Keith approached. “Damn, Kristen, calm down. I’m fine.”
“Sorry. When I saw the blood, I… I won’t let anyone else on the team get hurt, especially not our Rookie.”
“I’ve been here longer than you,” he protested. It was true, of course. He’d been the Rookie since before she had joined the team, but a steel dragon—even one that hadn’t known what she was or the extent of her powers—could skip a few steps in the nickname hierarchy. “And besides, it wouldn’t have happened if we’d taken those goons down together.”
“I can’t allow that. Not after what happened to Jonesy.”
“I don’t like that he’s gone either, but we lost him in what was practically a war zone, not a pawnshop robbery.”
“There’s still no reason to risk your life when I can turn my skin into steel.”

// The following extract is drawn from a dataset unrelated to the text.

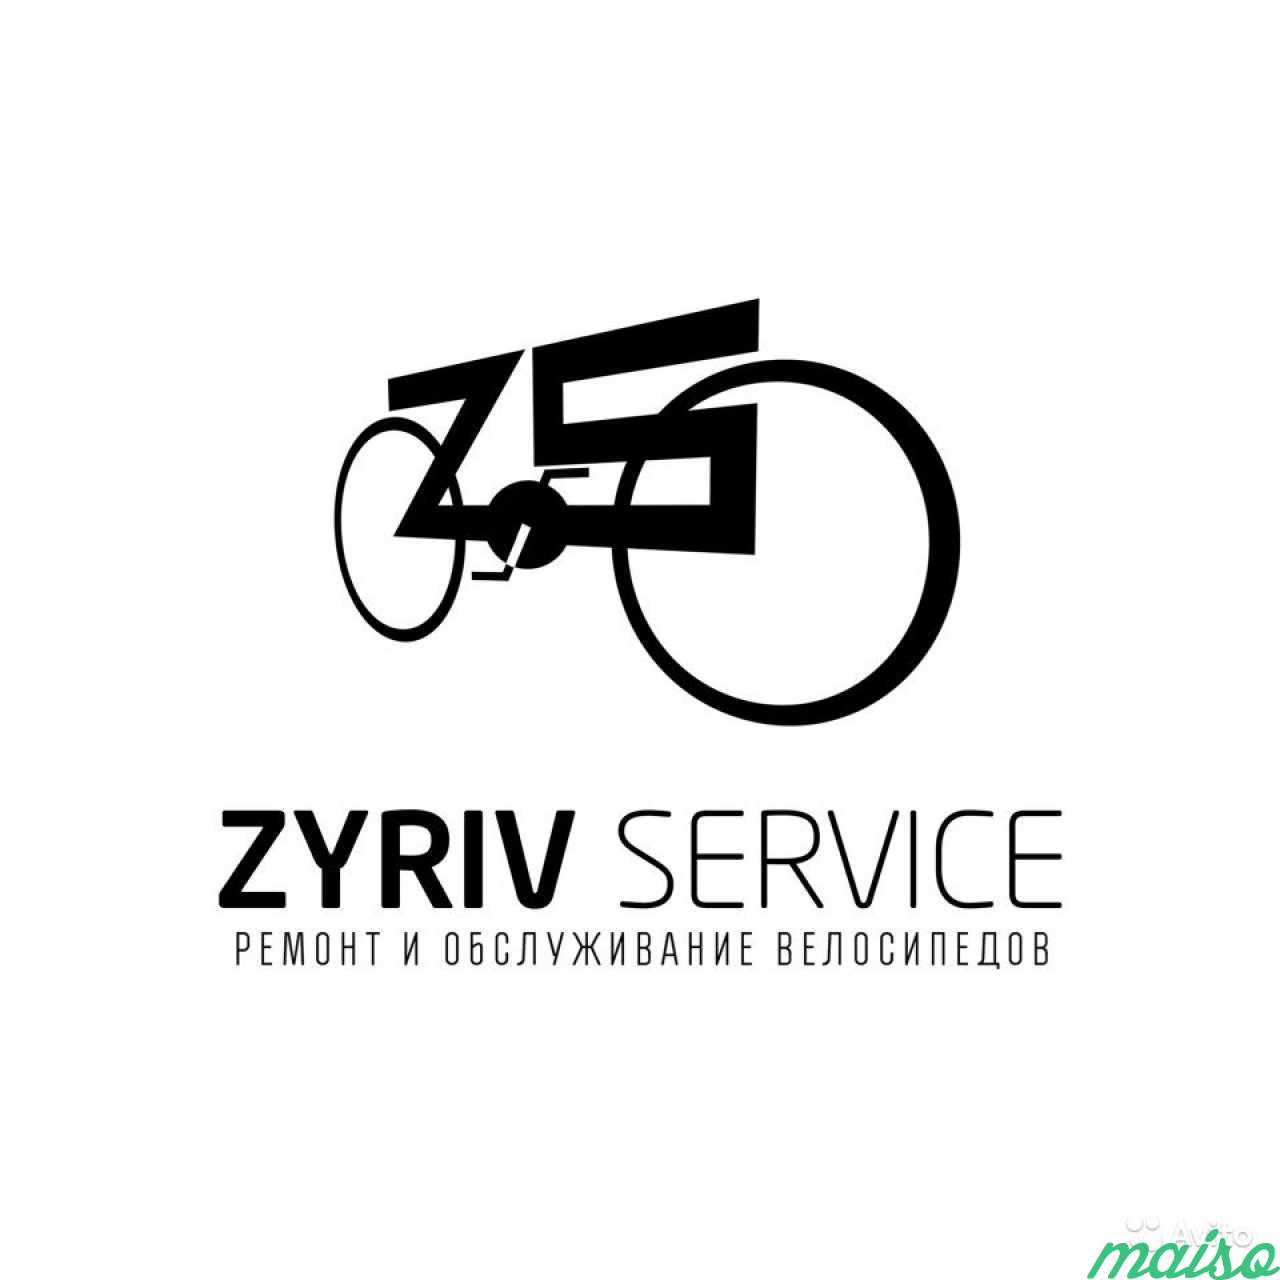 Велоремонт - Zyriv-Service в Санкт-Петербурге. Фото 1

Keith clenched his teeth and shook his head but he said nothing more to her. Instead, he spoke into his radio. “We have secured the back room. The hostile is holed up behind the bars. He’s not going anywhere.”
“Roger that,” Drew replied. “We’ll tell him to surrender and Butters will light up his location with a few warning shots if he doesn’t comply. I want you two stationed behind cover. Be ready to nab him if he tries to make a run for it.”
“The fool thinks broken glass and a few metal bars count for cover. I’ll shave his damn beard with a few rounds.” Butters laughed over the radio. Kristen didn’t doubt that the man could do it. He was the best shot out of any officer in Detroit.
“Roger. Moving behind cover.” Keith crouched behind a riding lawnmower that was near the back door of the storage room.
Kristen moved to stand directly in front of the door that led to the showroom.
“Kristen, Drew said to take cover,” her teammate protested.
“Then stand behind me. I won’t let this guy get away.”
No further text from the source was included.